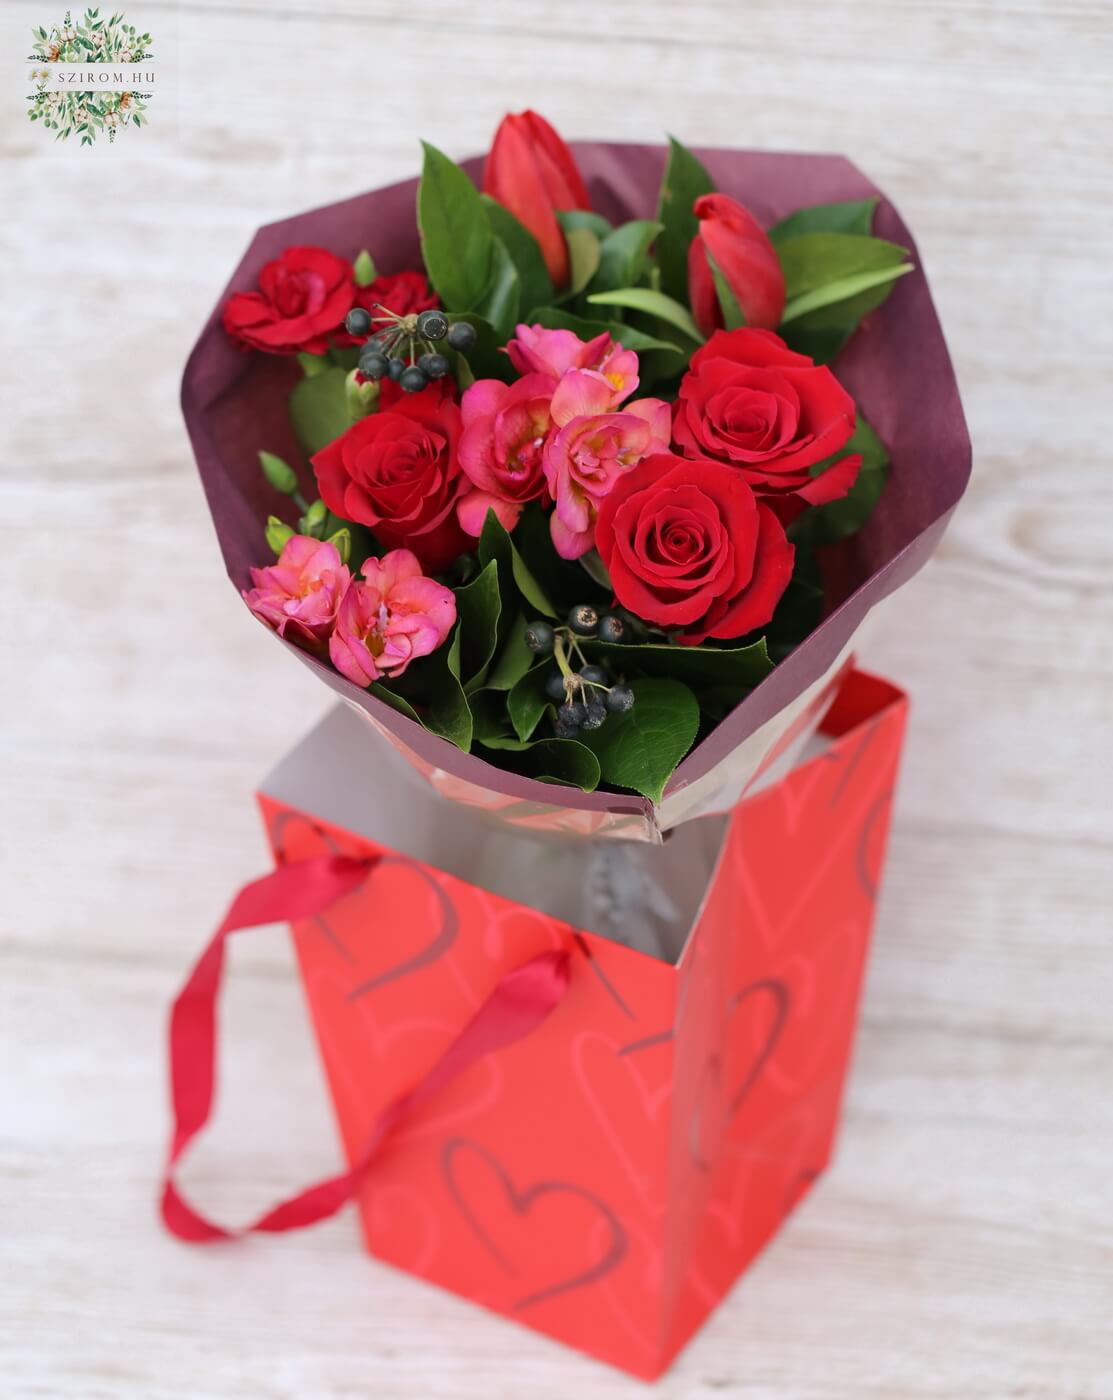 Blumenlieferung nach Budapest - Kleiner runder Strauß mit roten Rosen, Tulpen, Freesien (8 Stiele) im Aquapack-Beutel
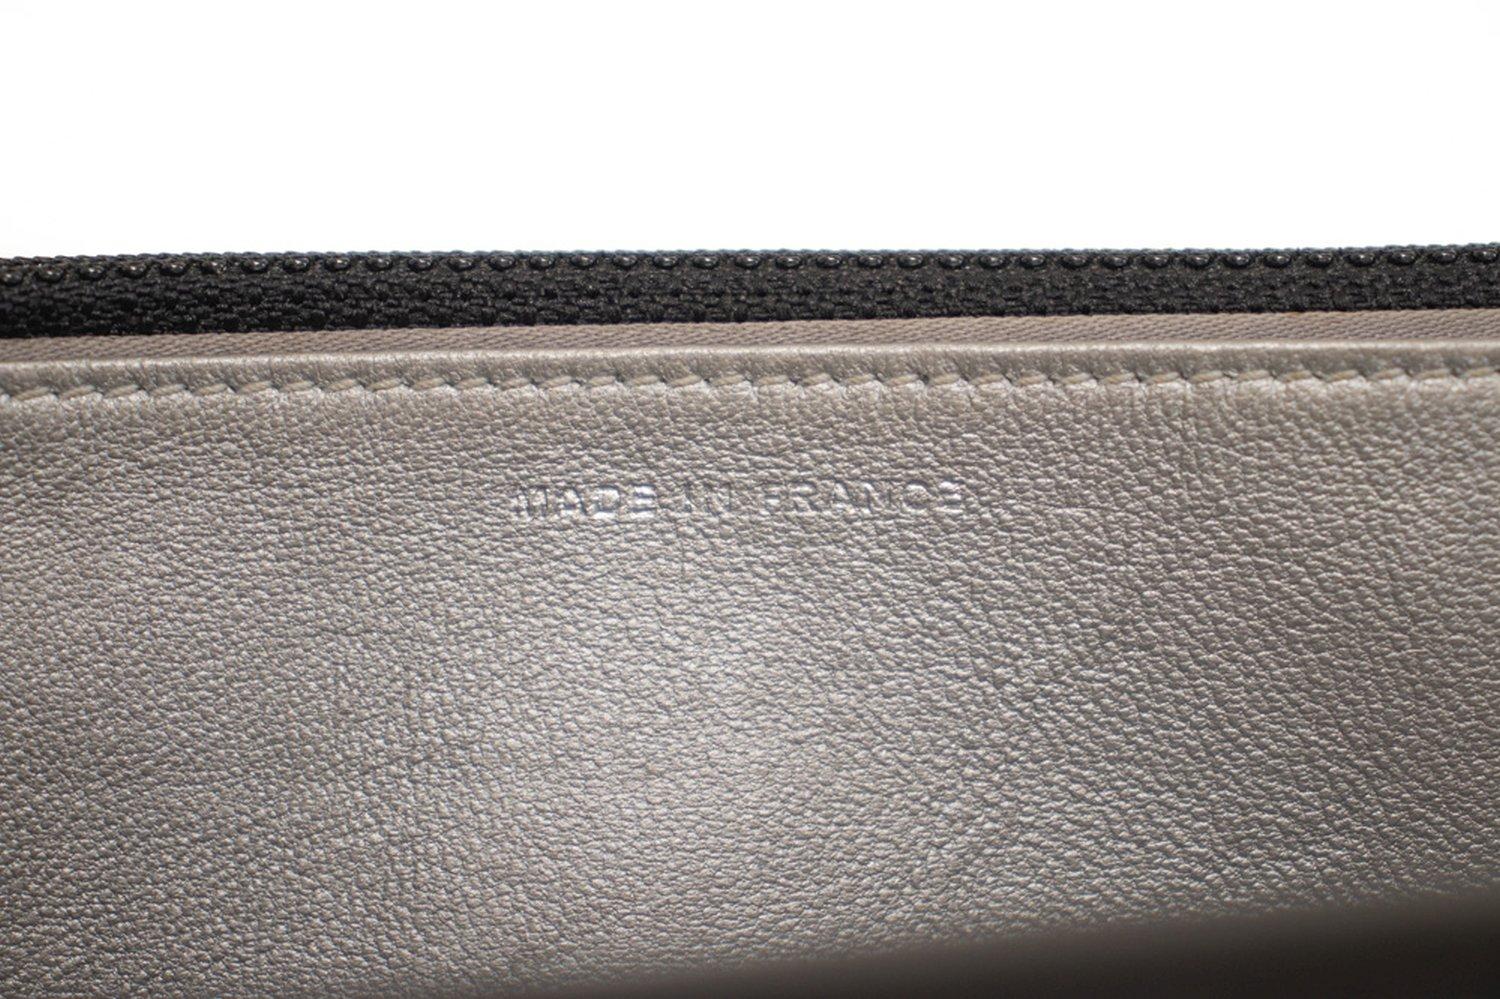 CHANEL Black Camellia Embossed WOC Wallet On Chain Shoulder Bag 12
++++++++
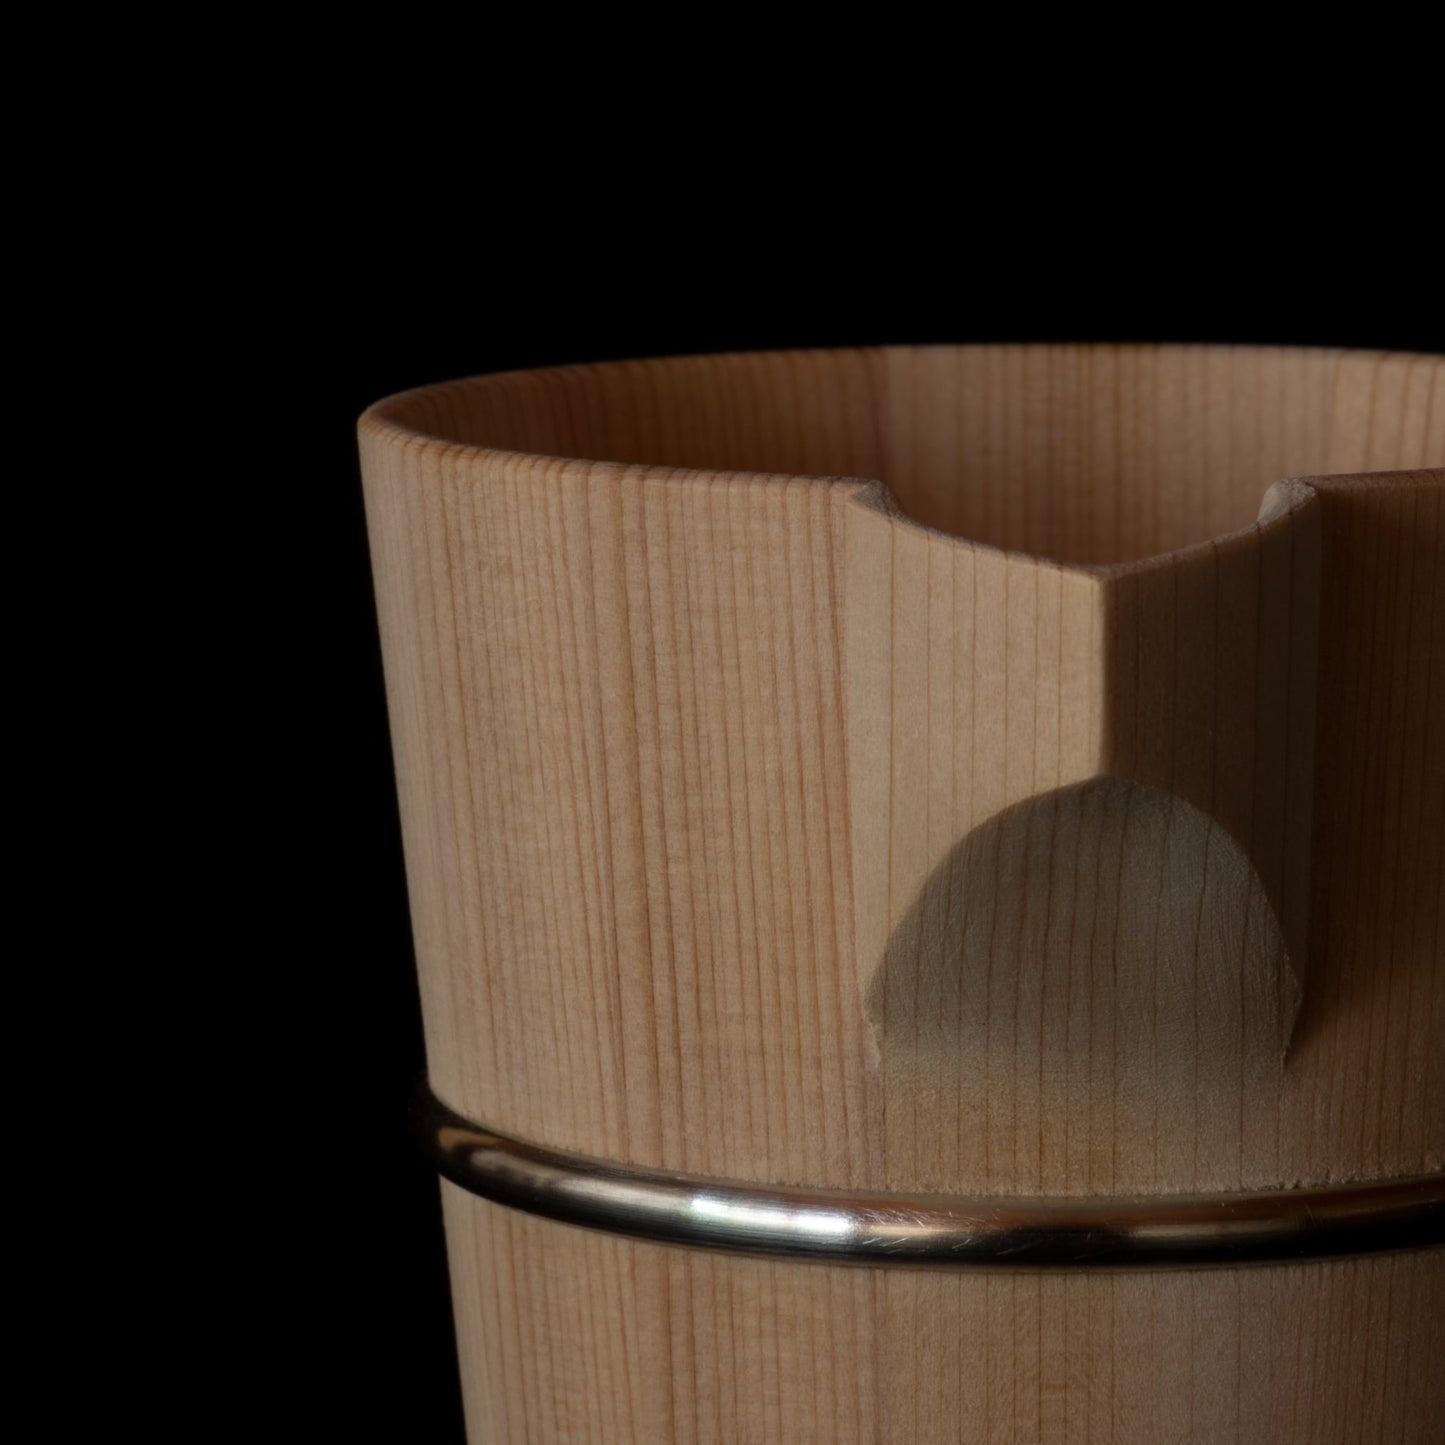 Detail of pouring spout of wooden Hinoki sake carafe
++++++++
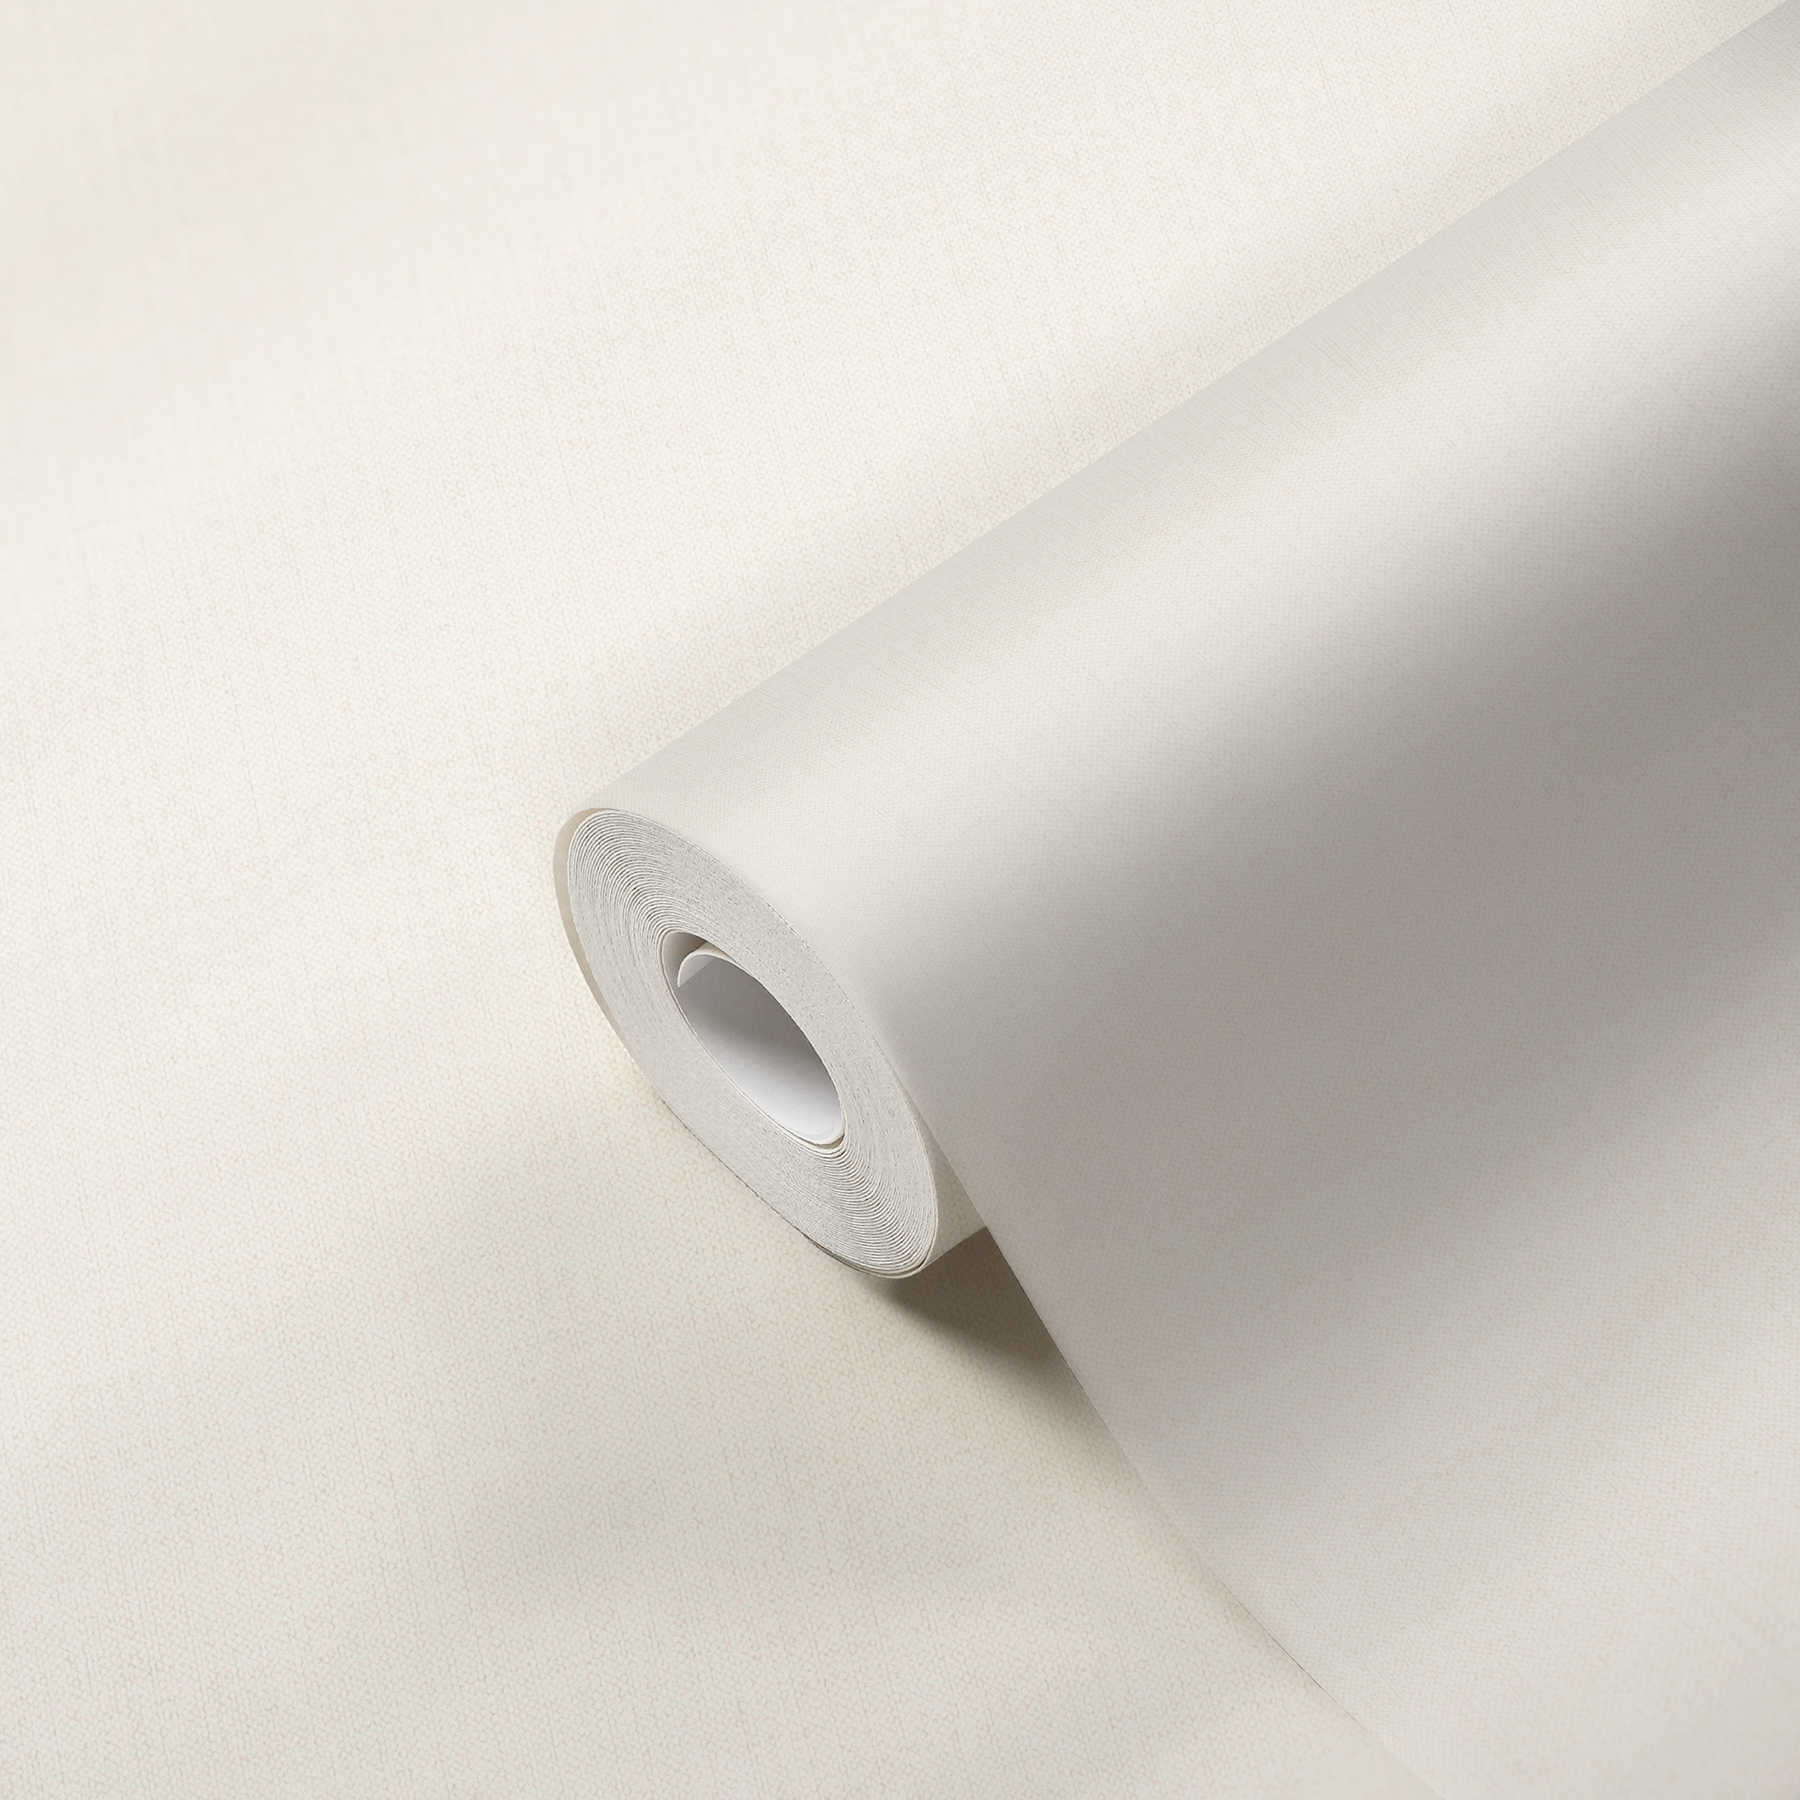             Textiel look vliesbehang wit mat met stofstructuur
++++++++
## TASK TO CARRY OUT
Beginning with the line that contains "Blumenlieferung nach Budapest", write out the lines of the material above exactly, and end with the line that contains "CHANEL Black Camellia". Omit the pictures.

## SOLVED EXERCISE
 Blumenlieferung nach Budapest - Kleiner runder Strauß mit roten Rosen, Tulpen, Freesien (8 Stiele) im Aquapack-Beutel
 CHANEL Black Camellia Embossed WOC Wallet On Chain Shoulder Bag 12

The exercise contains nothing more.